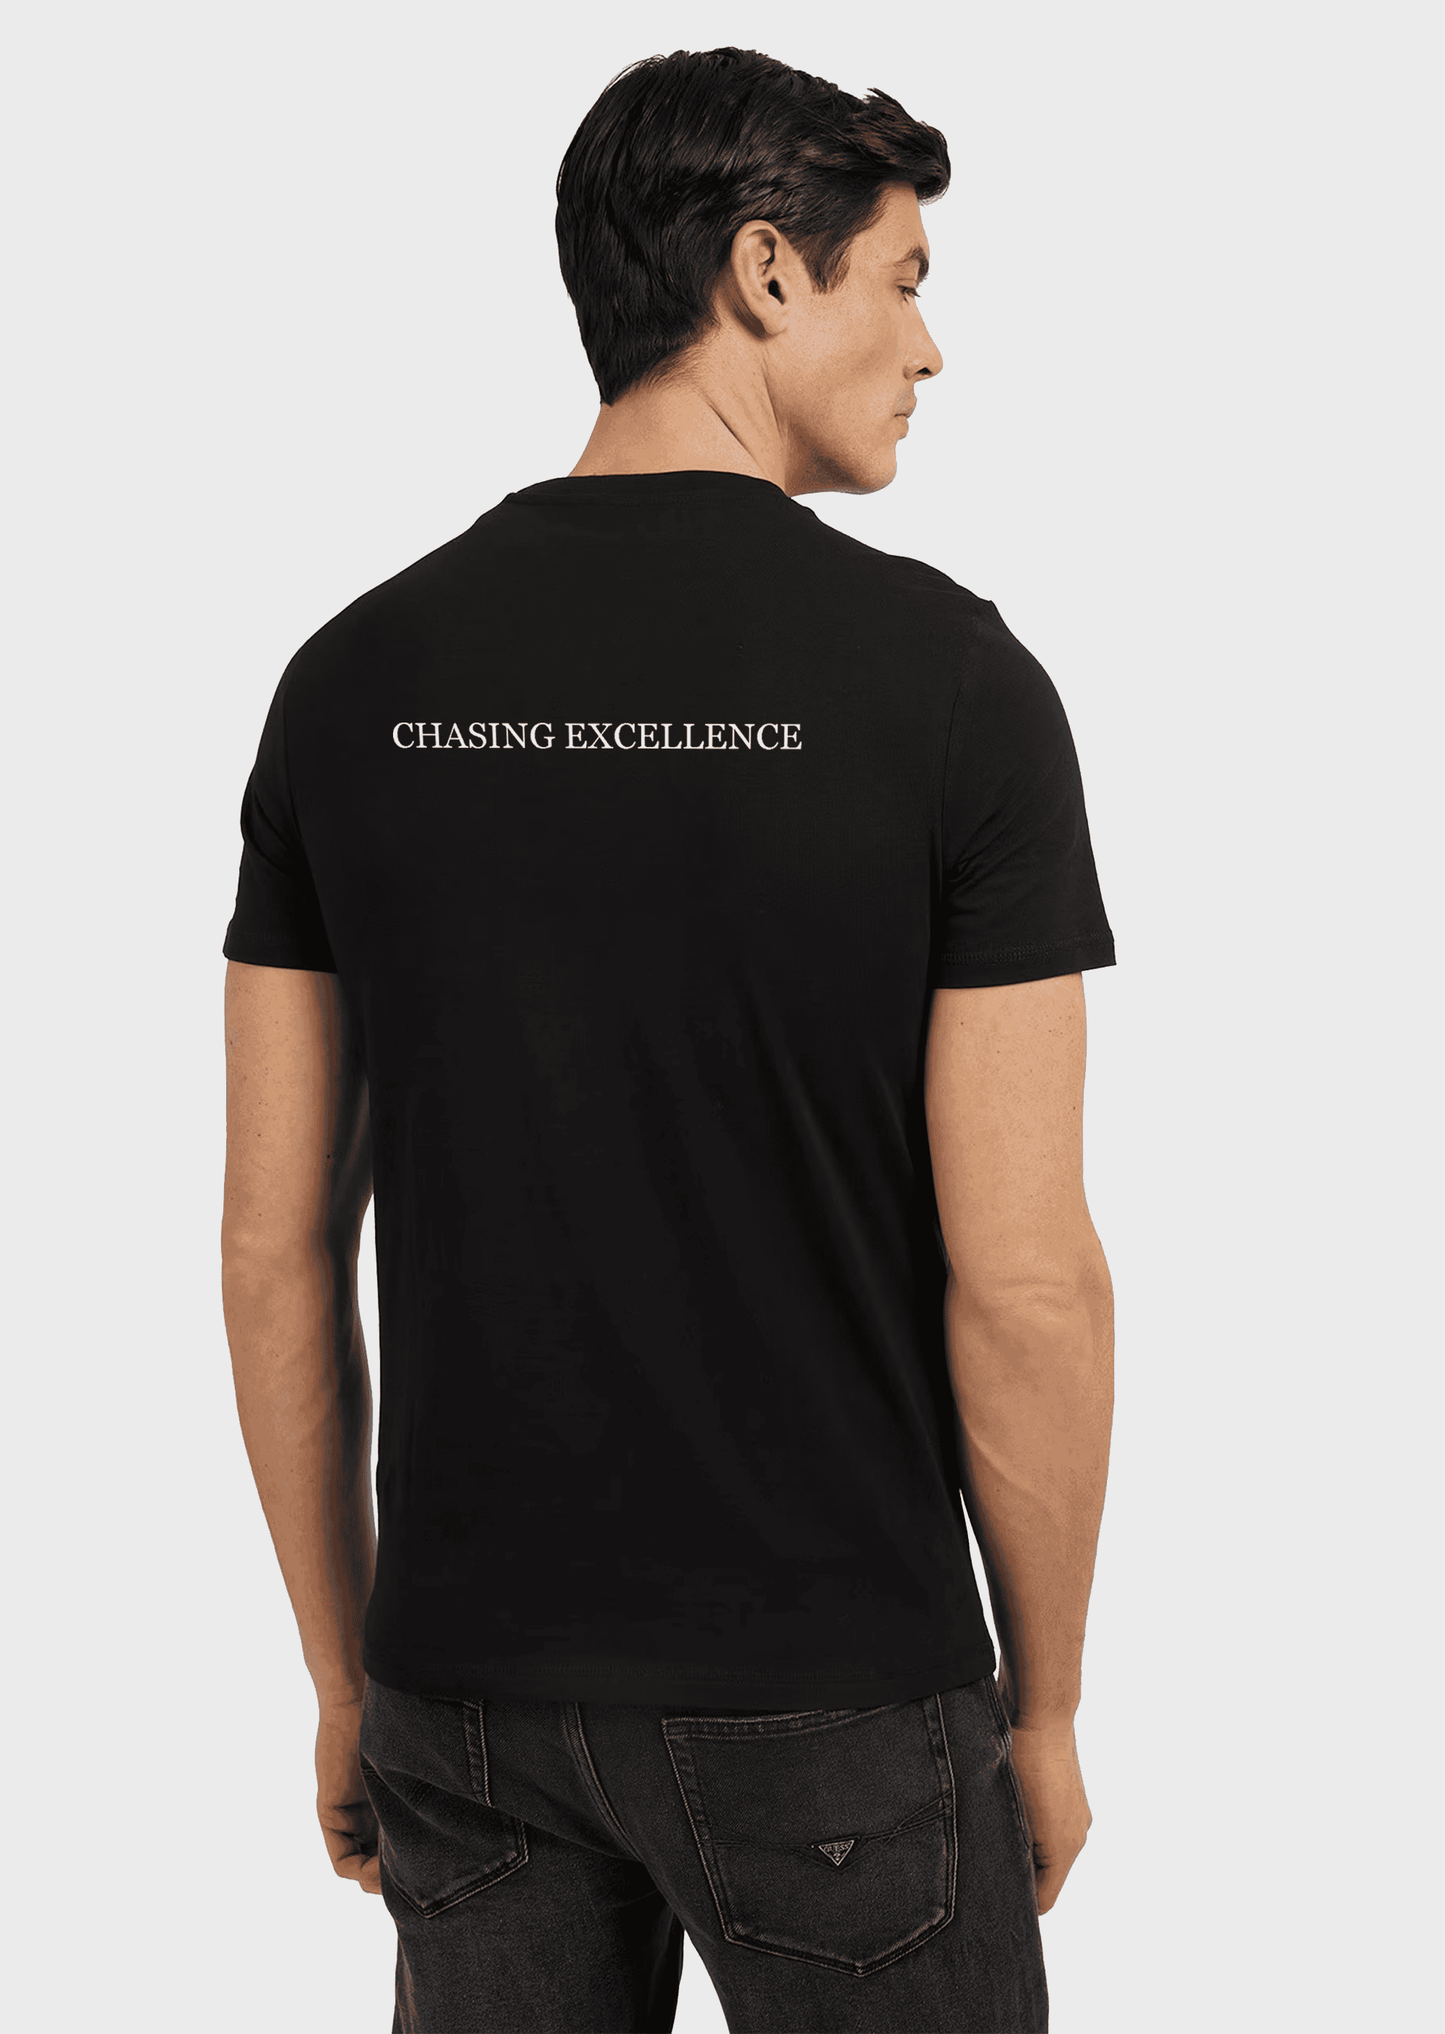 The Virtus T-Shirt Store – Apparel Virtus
...
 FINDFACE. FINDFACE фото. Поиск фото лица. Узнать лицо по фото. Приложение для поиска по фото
* * *
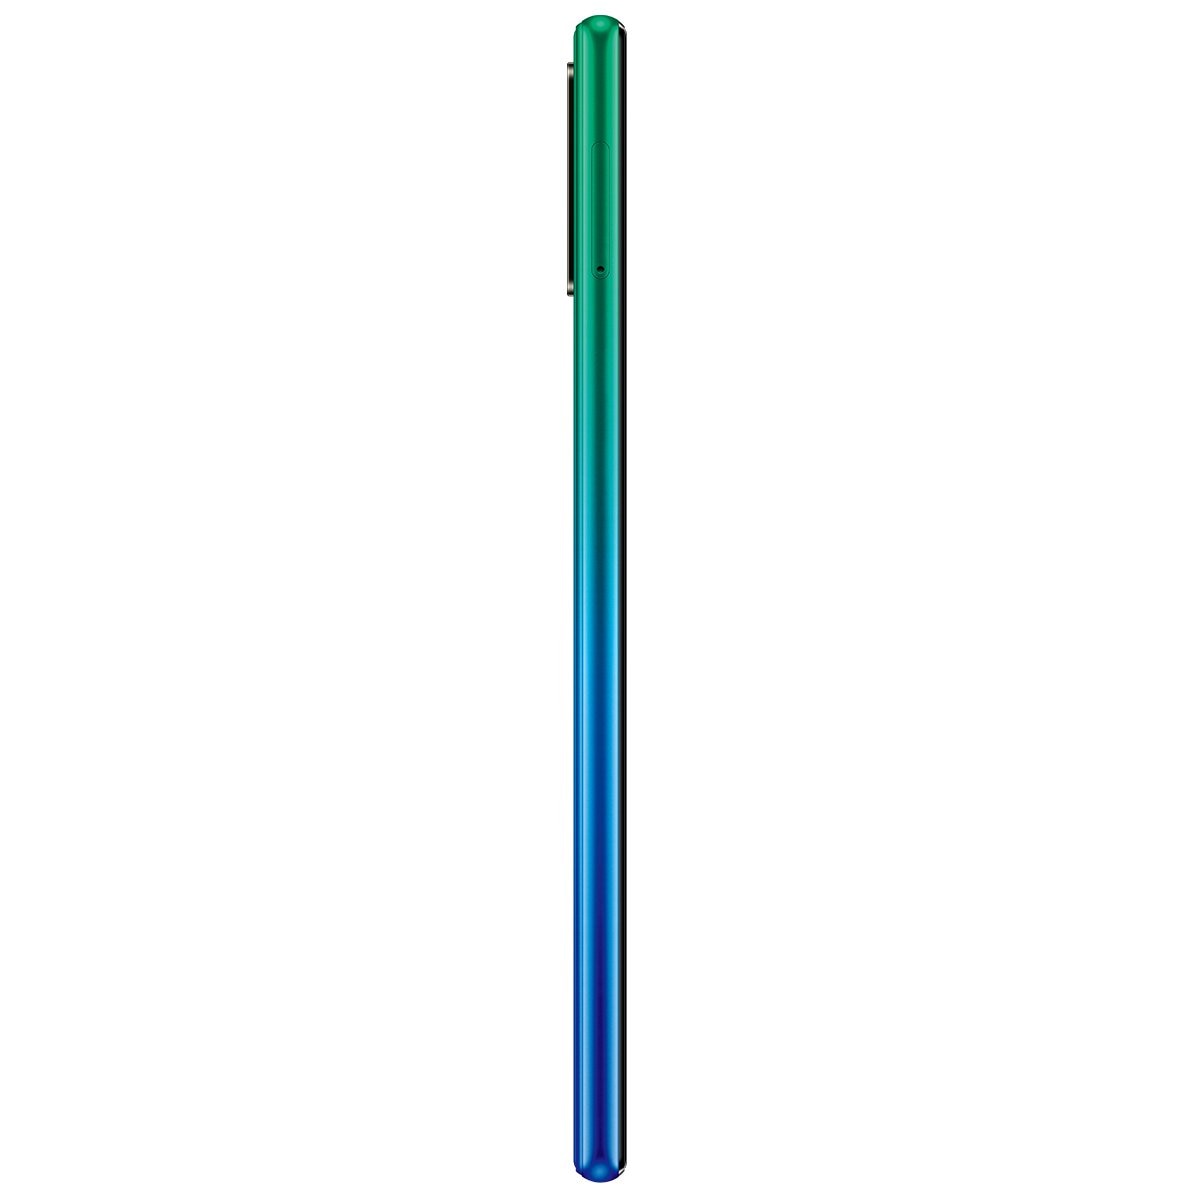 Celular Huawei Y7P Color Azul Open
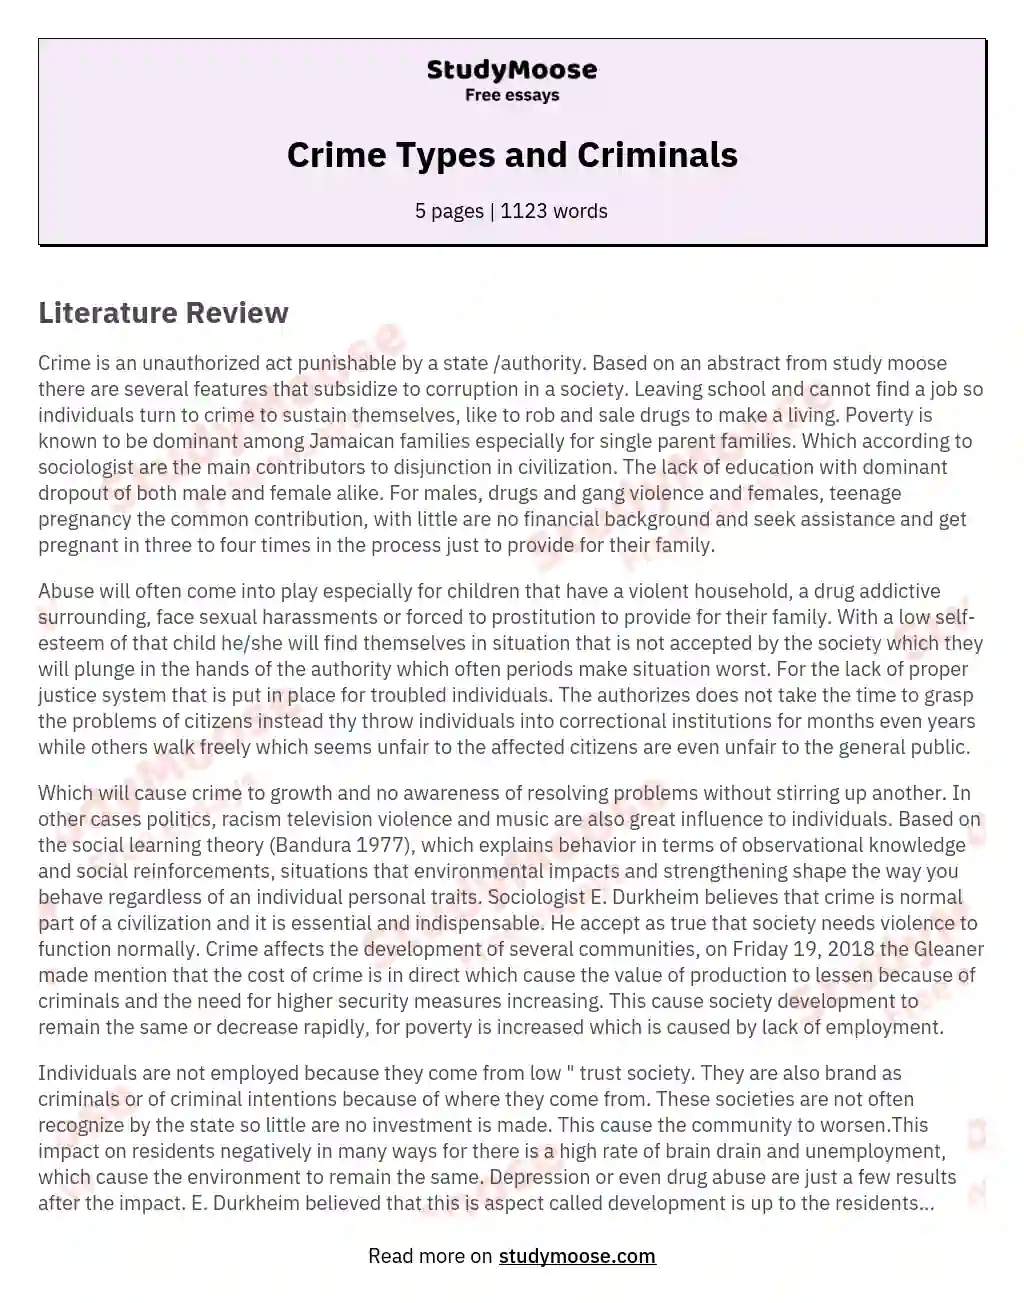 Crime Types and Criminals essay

* **The task**
Pictures excluded, reproduce only the part above that opens with the line holding "Celular Huawei Y7P Color Azul Open" and closes with the line holding "Crime Types and Criminals essay", exactly as written.

* **Answer to this problem**
 Celular Huawei Y7P Color Azul Open
 Crime Types and Criminals essay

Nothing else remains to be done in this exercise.